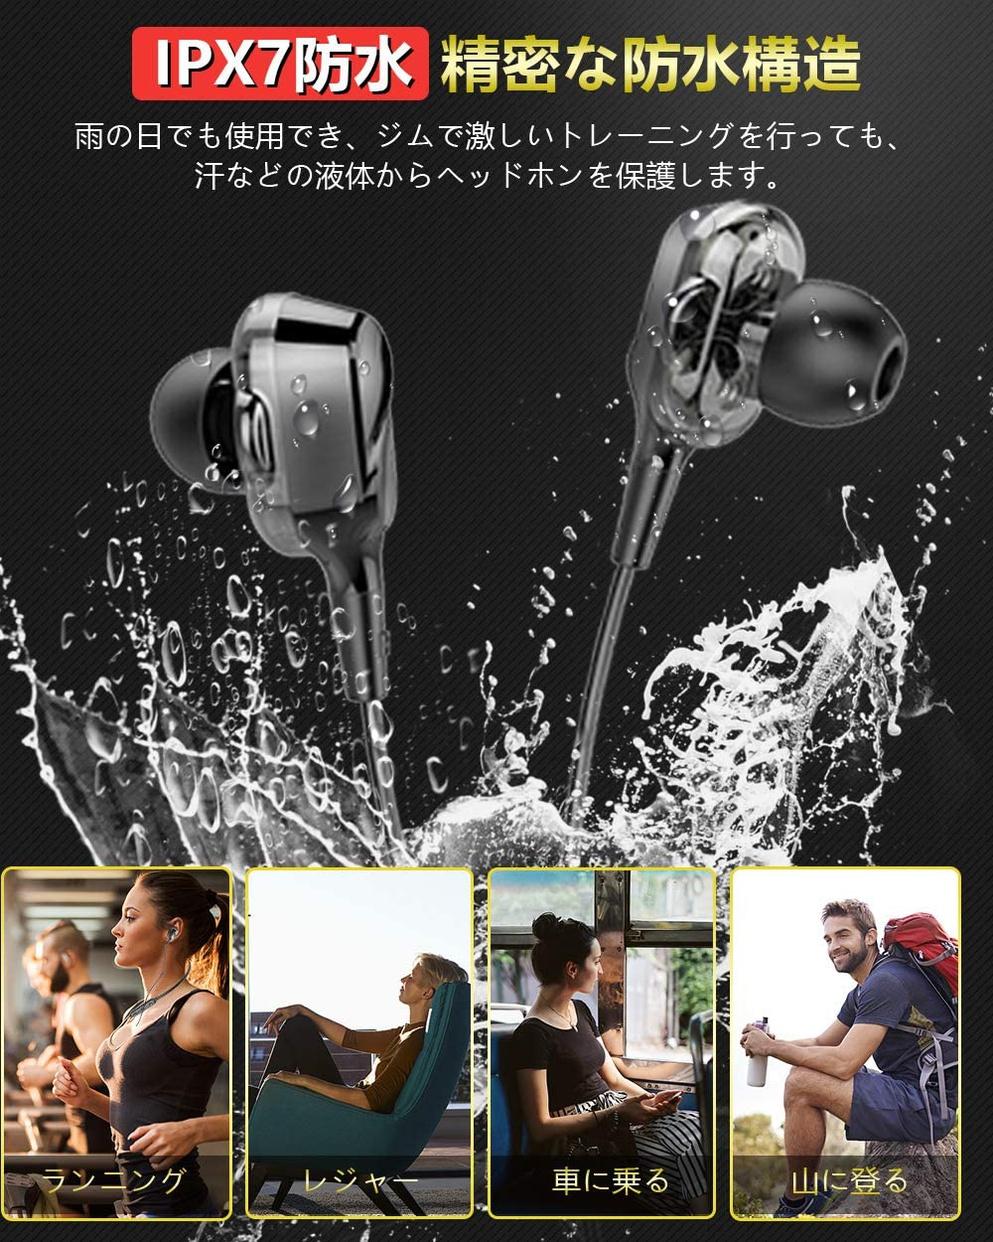 Chenlinxi(チェンリンクシ) ワイヤレス イヤホン ネックバンド型の商品画像4
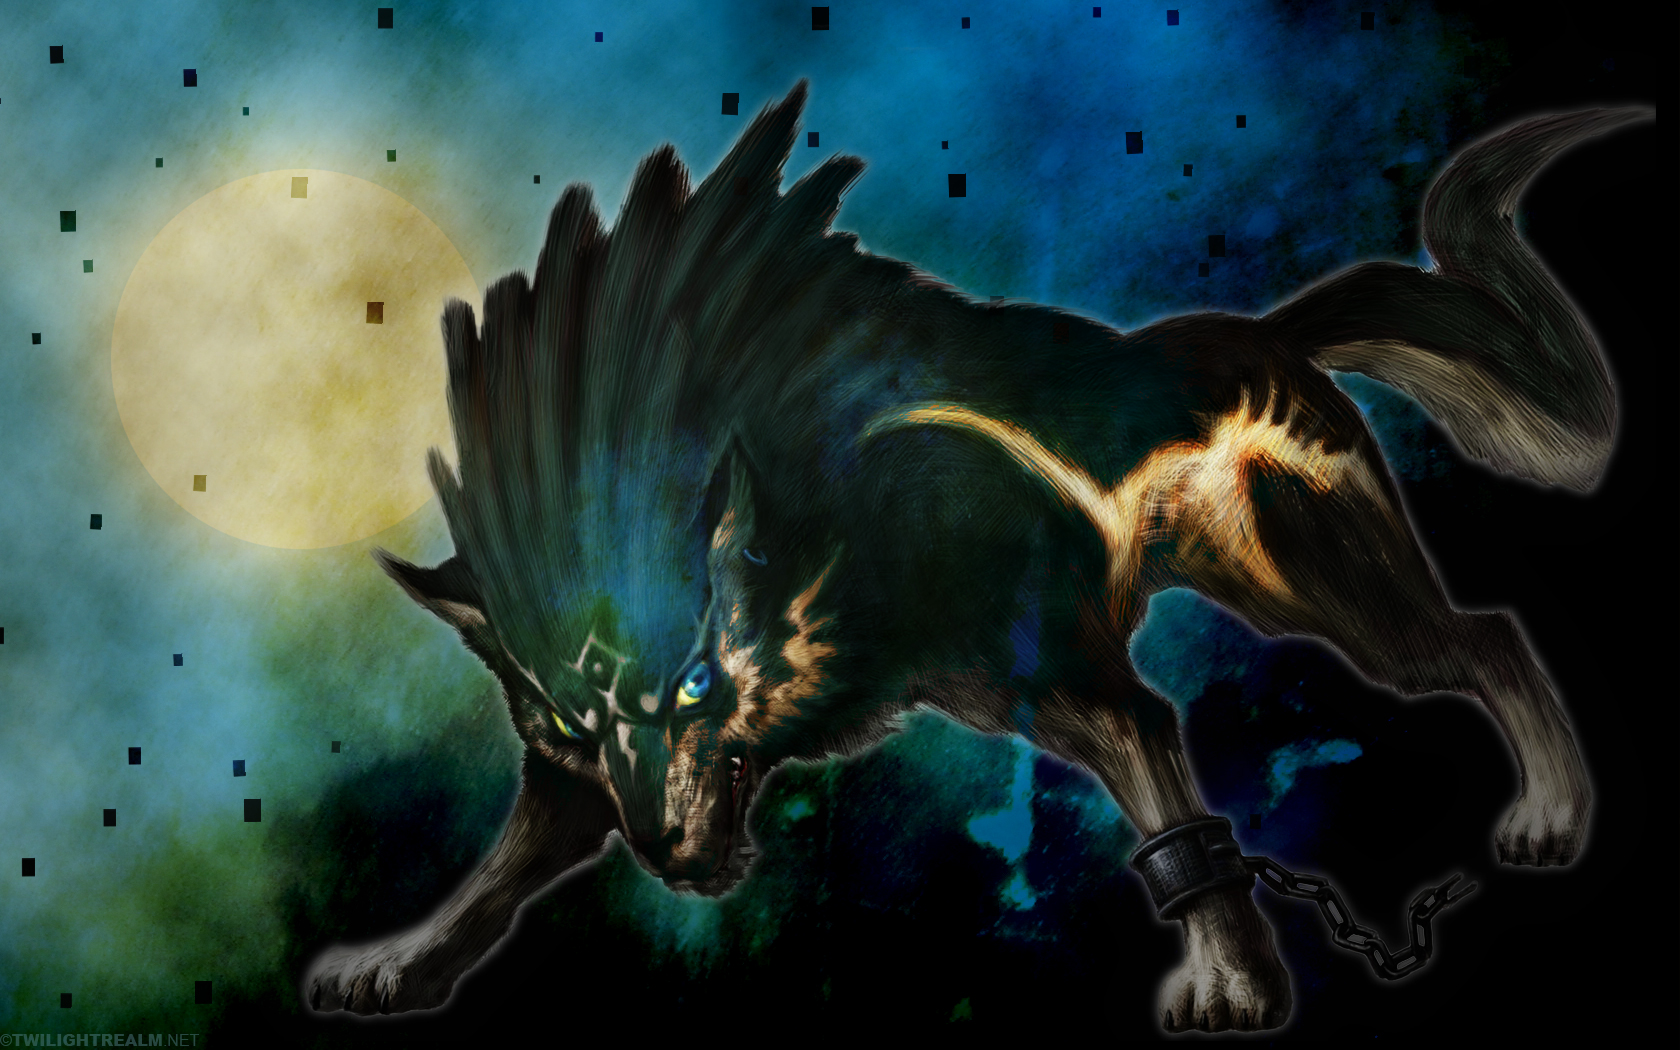 Link Wolf Wallpaper 1680x1050 Link Wolf 1680x1050
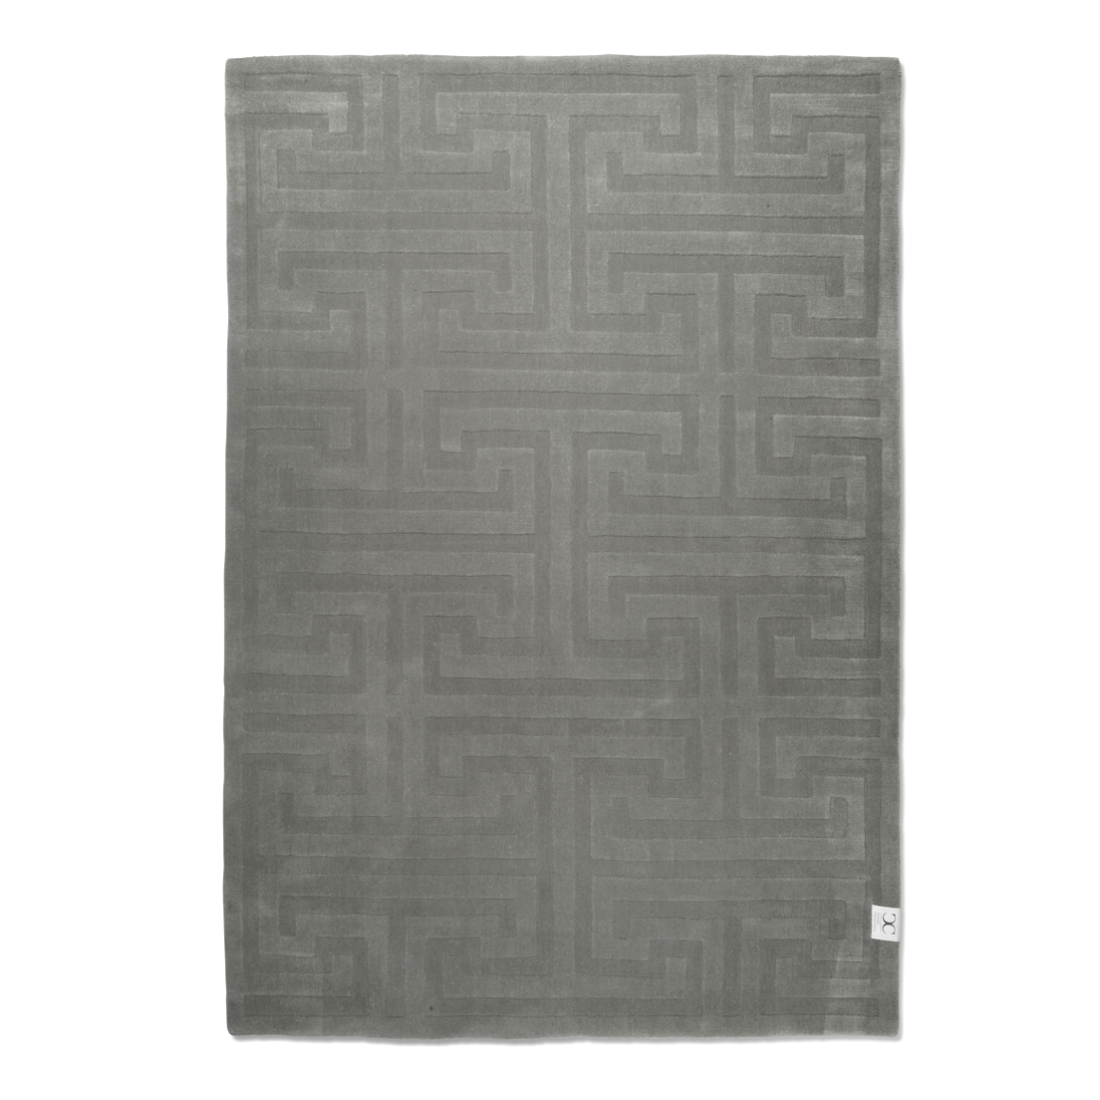 Silvergrå ullmatta KEY WOOL 170 x 230 cm, Classic Collection

**Instructions to follow**.
Across the whole listing, reproduce each line verbatim and exclude every picture.

**Solution to this problem**.
 Chenlinxi(チェンリンクシ) ワイヤレス イヤホン ネックバンド型の商品画像4
 Link Wolf Wallpaper 1680x1050 Link Wolf 1680x1050
 Silvergrå ullmatta KEY WOOL 170 x 230 cm, Classic Collection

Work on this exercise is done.